### Problem requirements:
Without any of the pictures, set down the data below exactly.

### Recorded data:
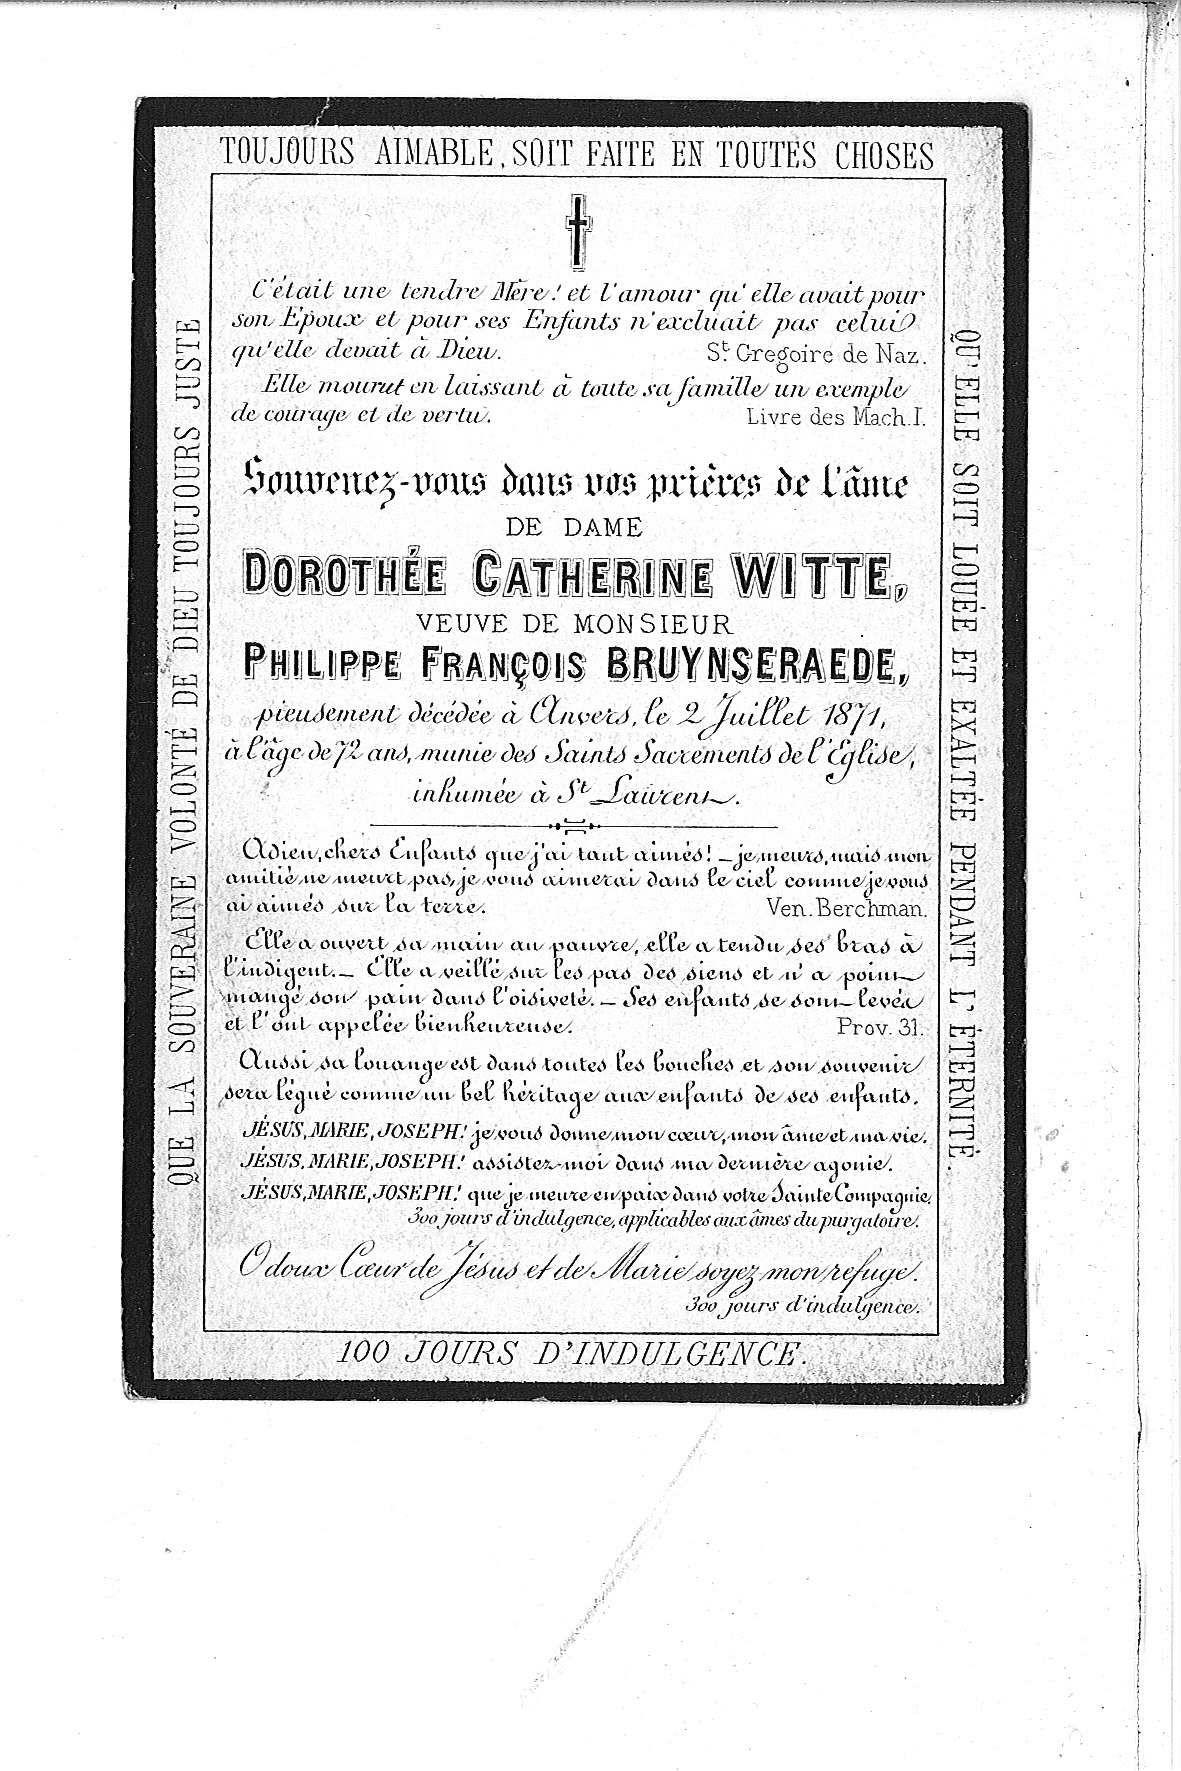 Dorothée-Catherine(1871)20100813092131_00028.jpg
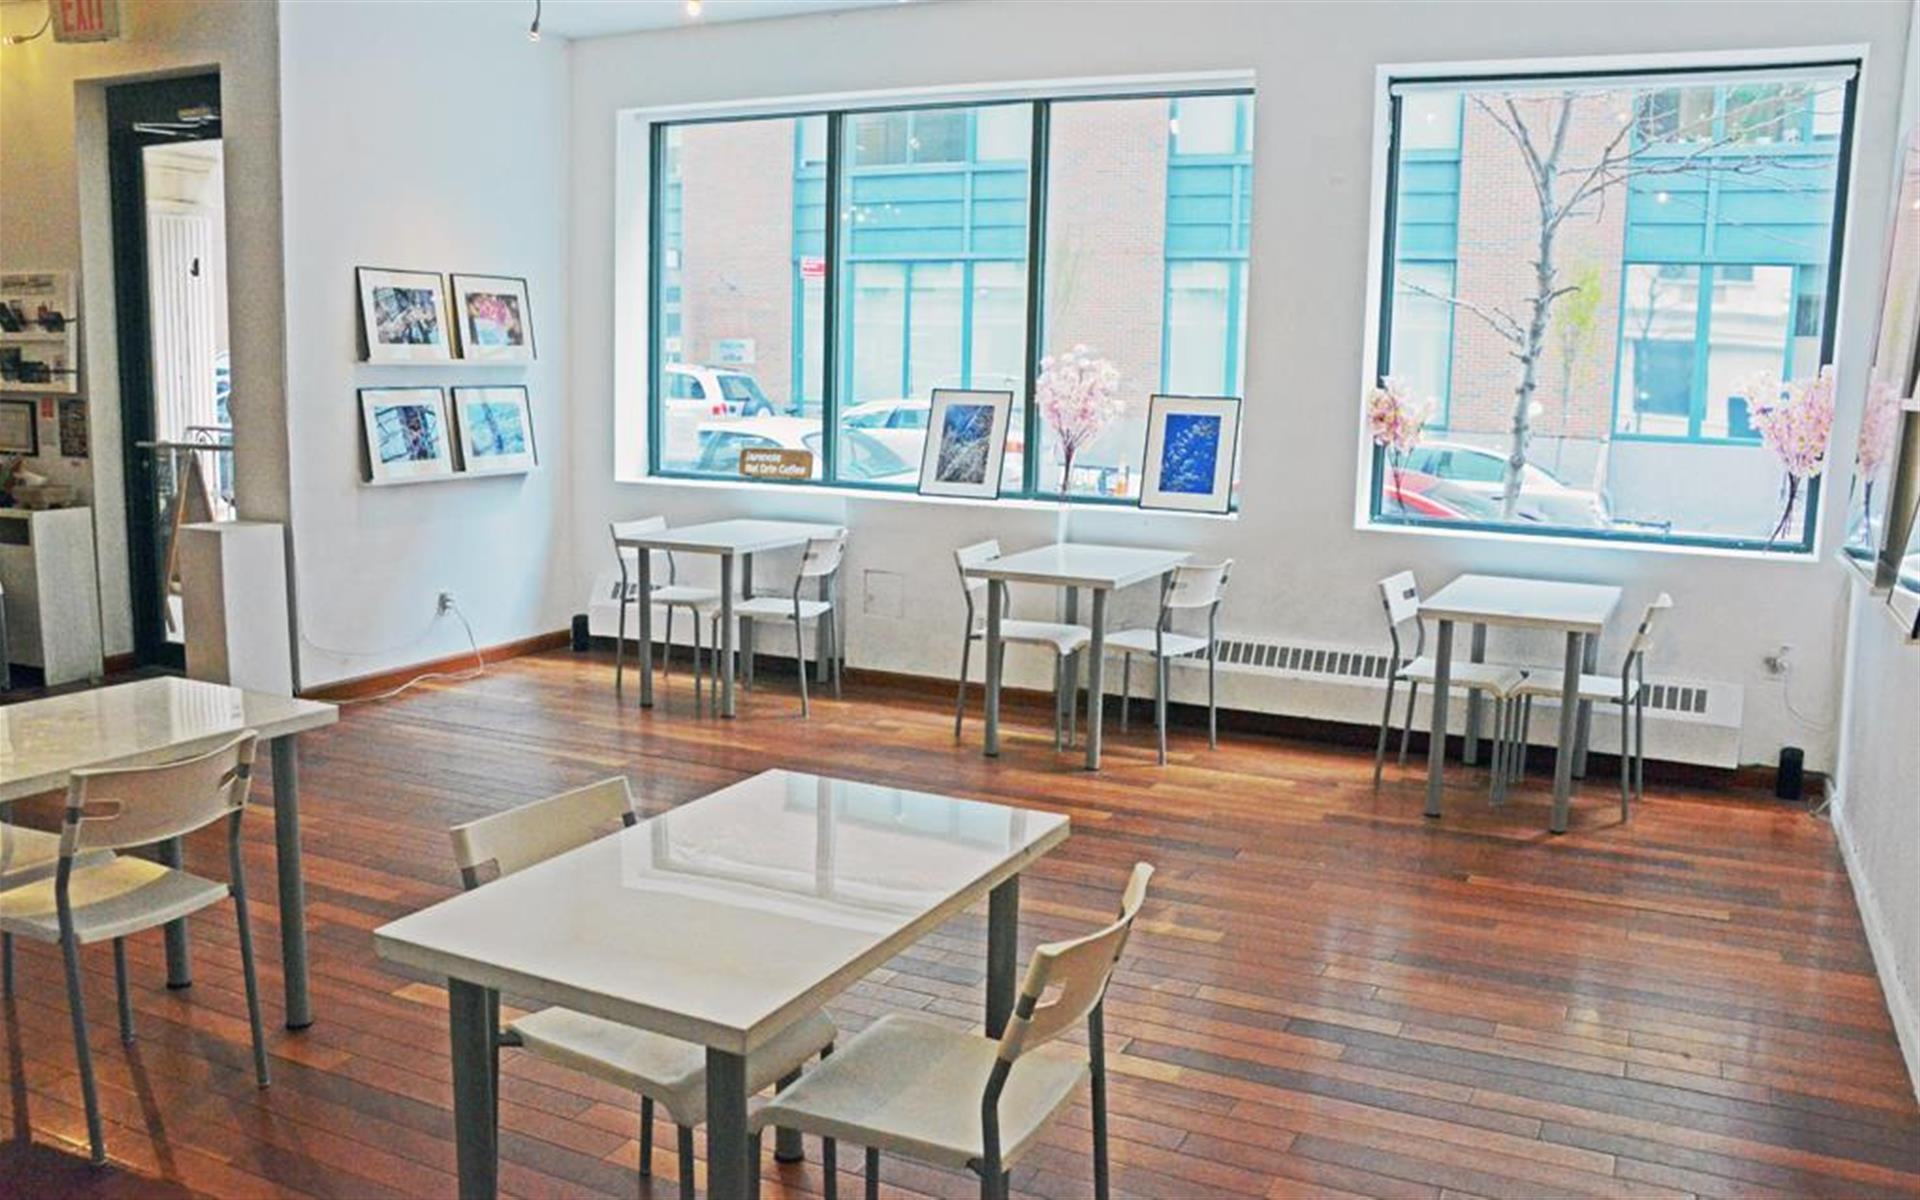 RESOBOX Gallery & Cafe - RESOBOX Gallery Space
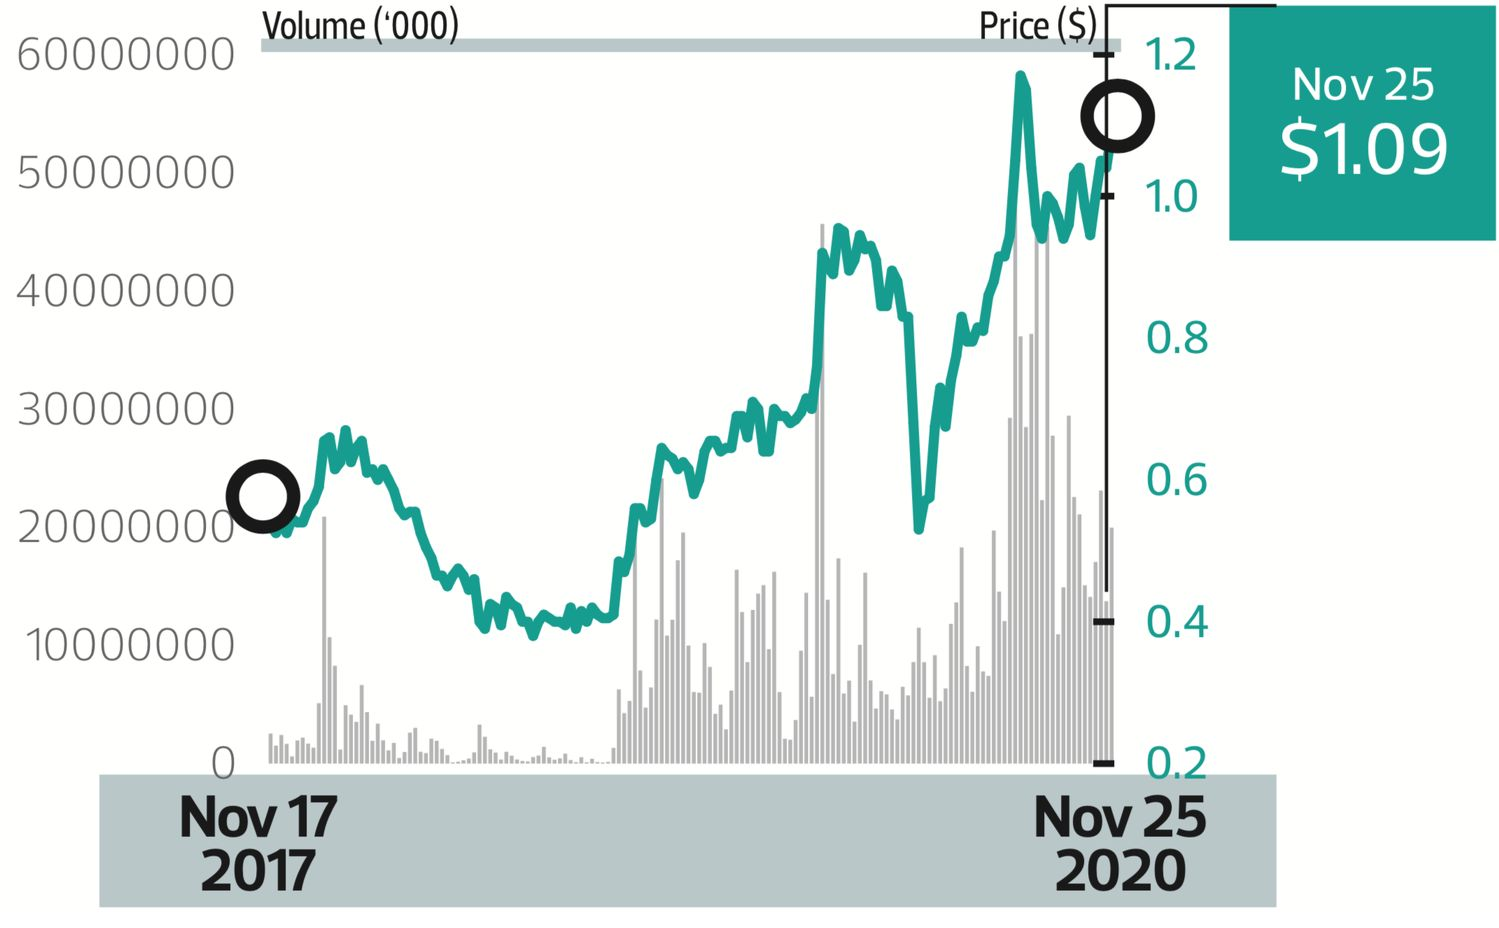 Price target: - THE EDGE SINGAPORE
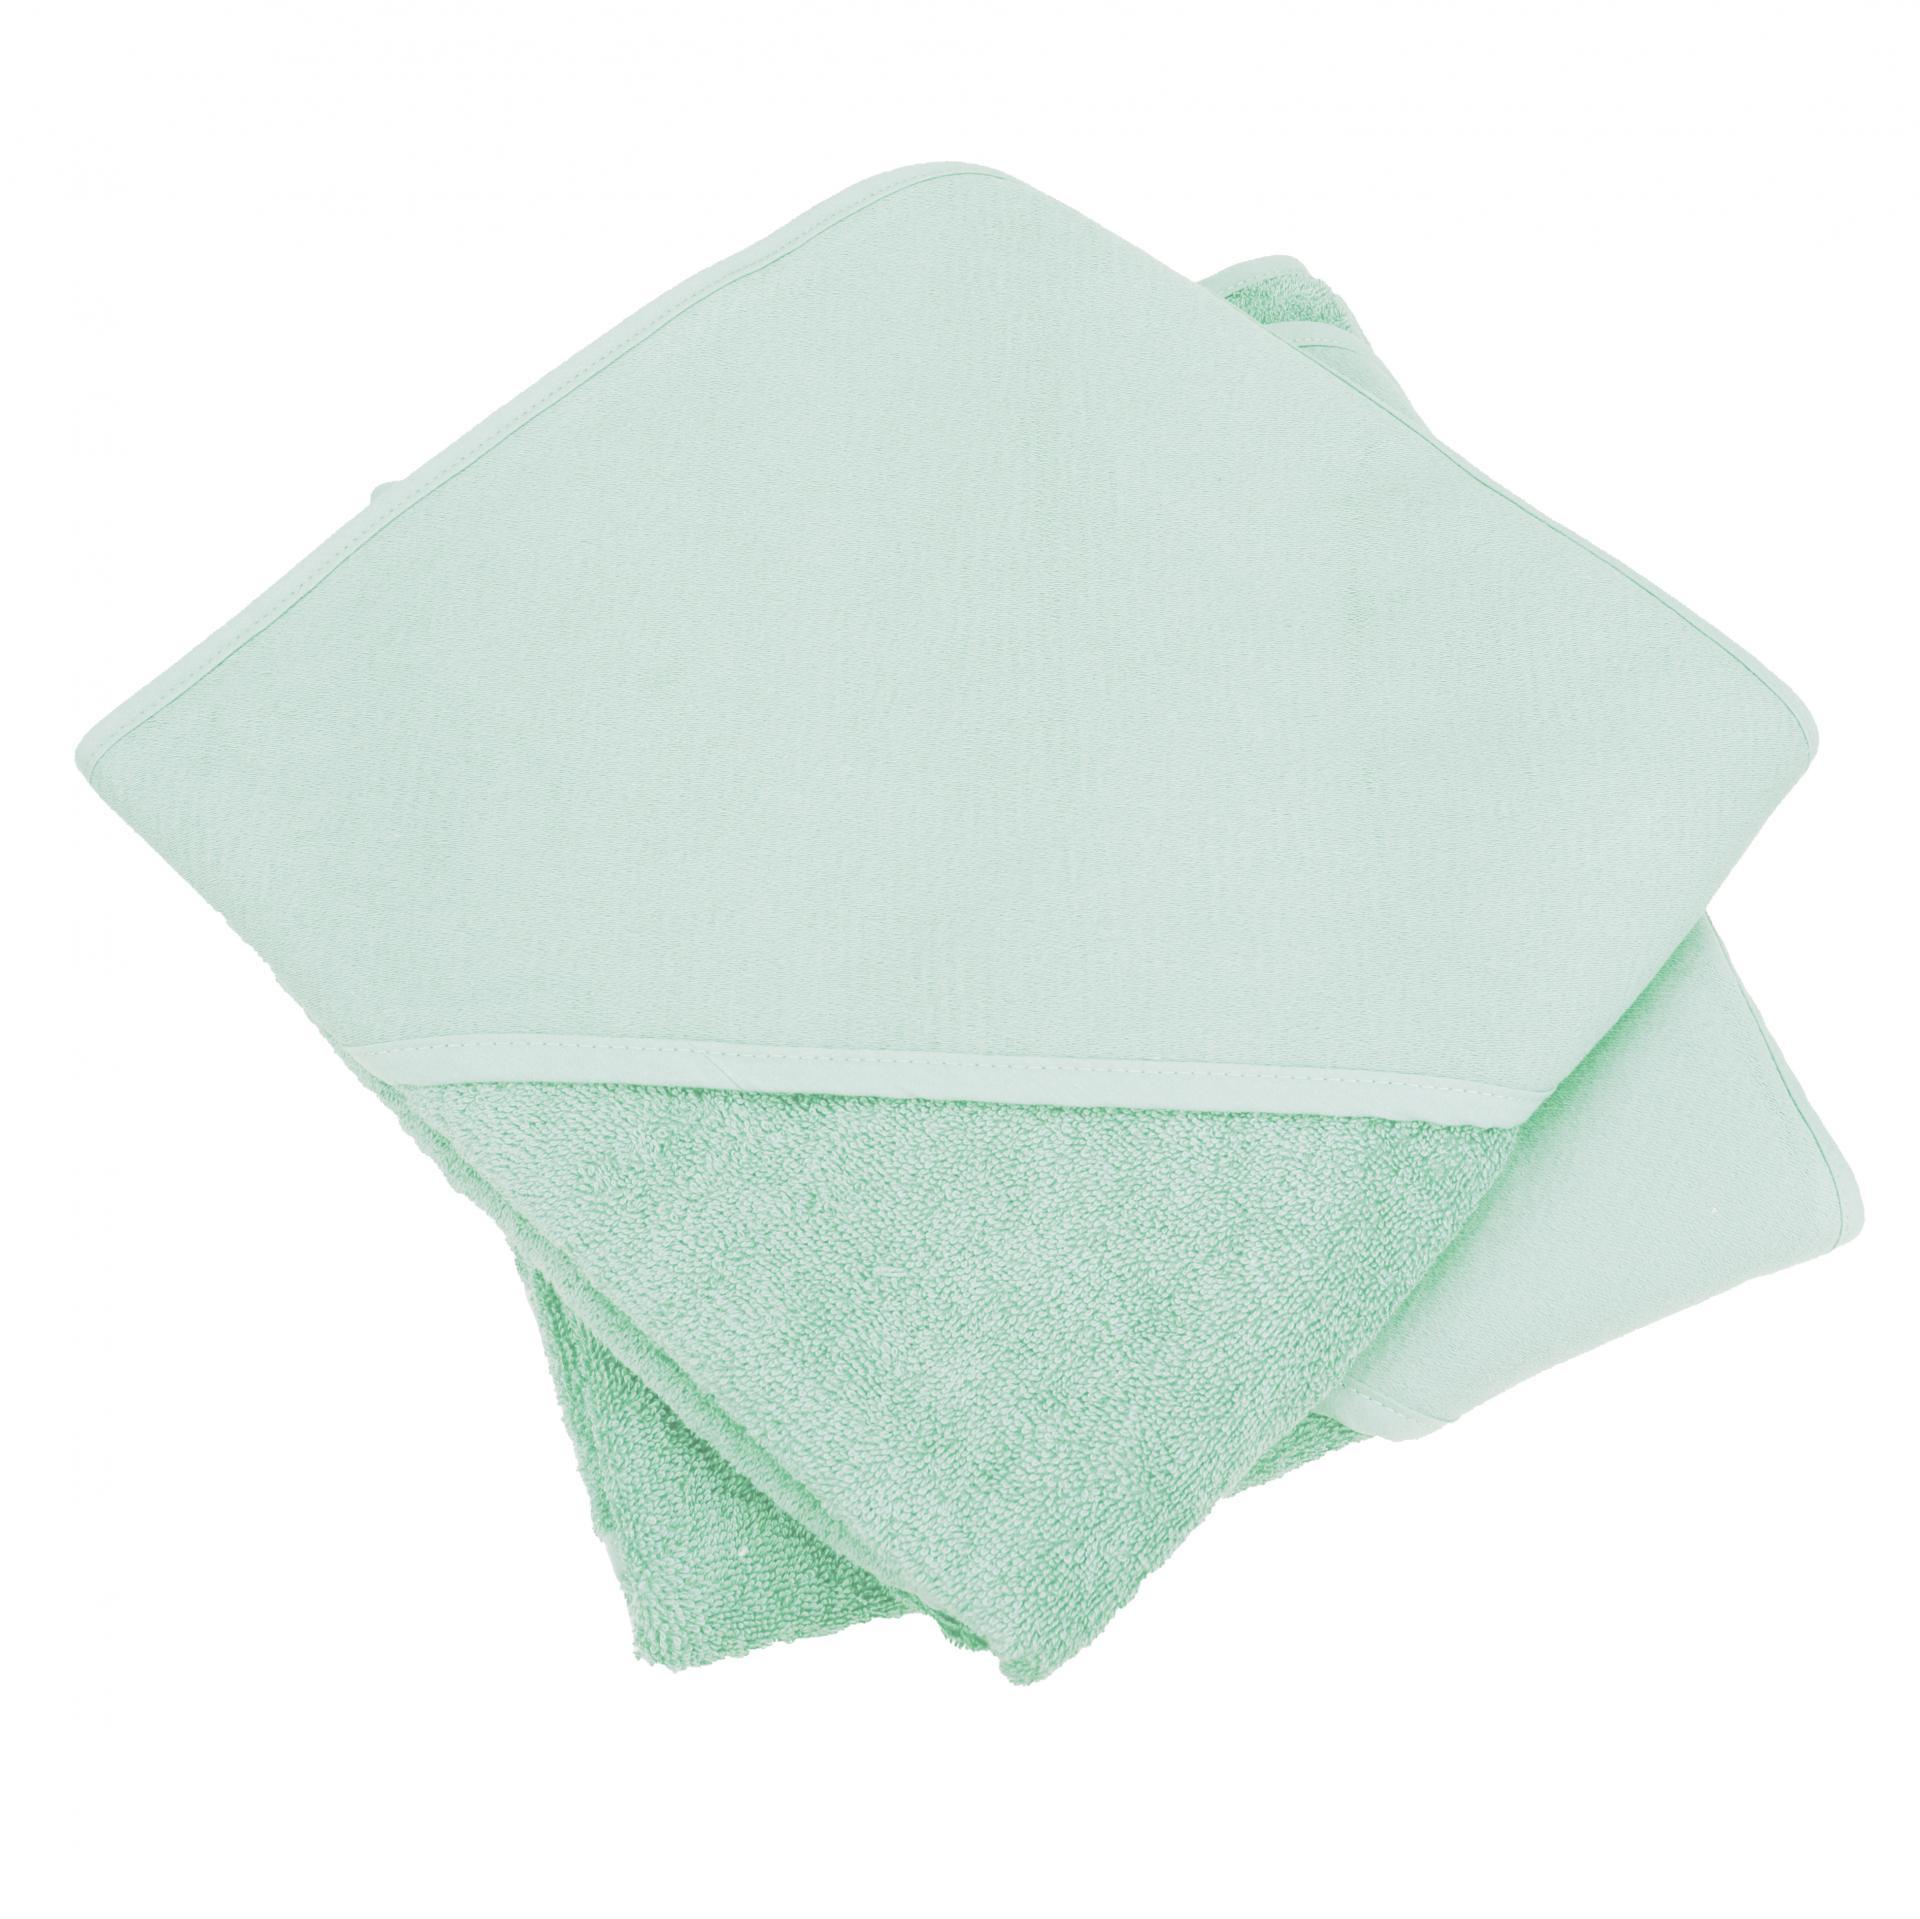 Ar732 mintgreen mintgreen ft

### Output of the exercise:
 Dorothée-Catherine(1871)20100813092131_00028.jpg
 RESOBOX Gallery & Cafe - RESOBOX Gallery Space
 Price target: - THE EDGE SINGAPORE
 Ar732 mintgreen mintgreen ft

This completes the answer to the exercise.